Bena Mae’s Kitchen: Aprons, a distant memory
For many enthusiastic collectors, aprons have become a charming link to the past.
Housewives don’t wear them like they used to, but prior to the fifties and sixties, they were protection from the spatters and spills that occurred in every busy kitchen, along with drying tiny wet hands and sweeping crumbs from the oil cloth on the kitchen table.
My mother, as well as other ladies of her generation, had a stockpile of them and wore them every day. They were almost exclusively handmade, embellished with rows of rick-rack or hand embroidery. Most often they were made from scraps of leftover material or an old garment ready for the trash heap.
Aprons had many uses aside from protecting the ladies’ everyday dresses. They were handy for carrying small items scattered around the house, the hulls from shelled peas, strings from green beans, apple peels, and eggs carried from the chicken coop. It was also practical for holding baby chicks that had to be corralled and taken back to an enclosure.
From the garden, it carried in all sorts of vegetables and in the fall it was used to carry apples that had fallen from the trees.
It was used to wipe their brow when cooking over a hot wood stove. They served as potholders when taking a hot dish out of the oven and were ideal for a quick dust of the furniture when unexpected company were seen coming up the road.
And how many of us remember our mother or grandmother cleaning out our ears with her apron?
When dinner was ready, Grandma could be seen on the front porch, waving her apron, telling the men to come in from the field because it was time to eat dinner.
What heartwarming stories those old aprons could tell if they could talk. It will be a long time before someone invents something that replaces them. But I doubt that any new invention will leave as many lasting memories or longings for the past.
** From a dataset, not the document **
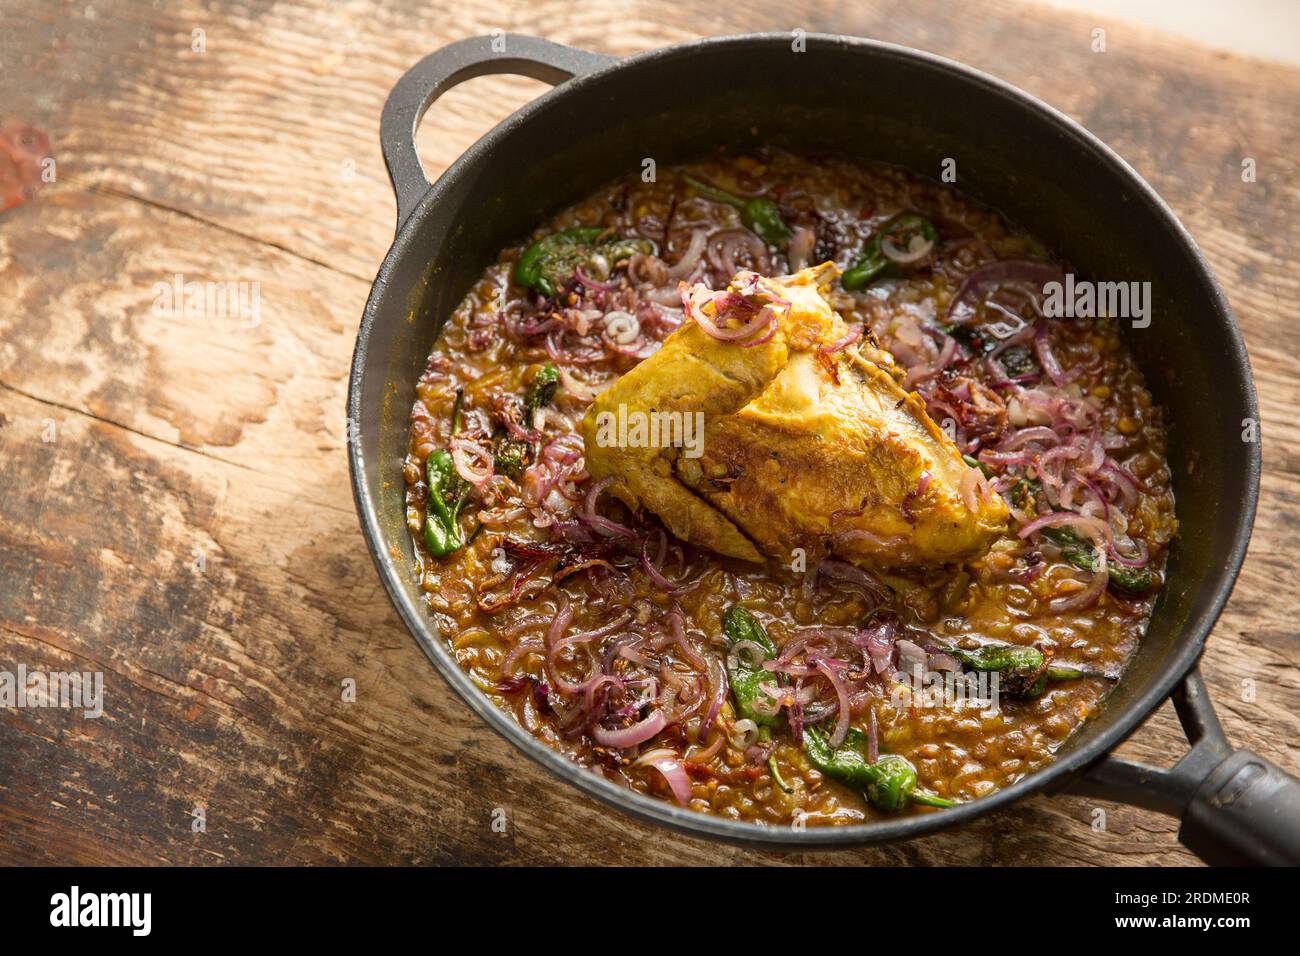 A chicken fillet and wing on the bone that have been homecooked and curried with brown lentils to make a chicken dal. England UK GB Stock Photo

Banana Split Cheesecake Squares
from Kraft Kitchens
1-1/2 cups graham cracker crumbs
1/3 cup butter or margarine, melted
3 pkg. (8 oz. each) PHILADELPHIA Cream Cheese, softened
3/4 cup sugar
1 tsp. vanilla
3 eggs
1/2 cup mashed ripe bananas
1 cup halved strawberries
1 banana, sliced, tossed with 1 tsp. lemon juice
1 can (8 oz.) pineapple chunks in juice, drained
HEAT oven to 350°F.
MIX graham crumbs and butter; press onto bottom of 13×9-inch pan.
MIX cream cheese, sugar and vanilla in large bowl with mixer until blended. Add eggs, 1 at a time, mixing on low speed after each just until blended. Stir in mashed bananas. Pour over crust.
BAKE 30 min. or until center is almost set. Cool. Refrigerate at least 3 hours. Serve topped with the strawberries, sliced bananas and pineapple.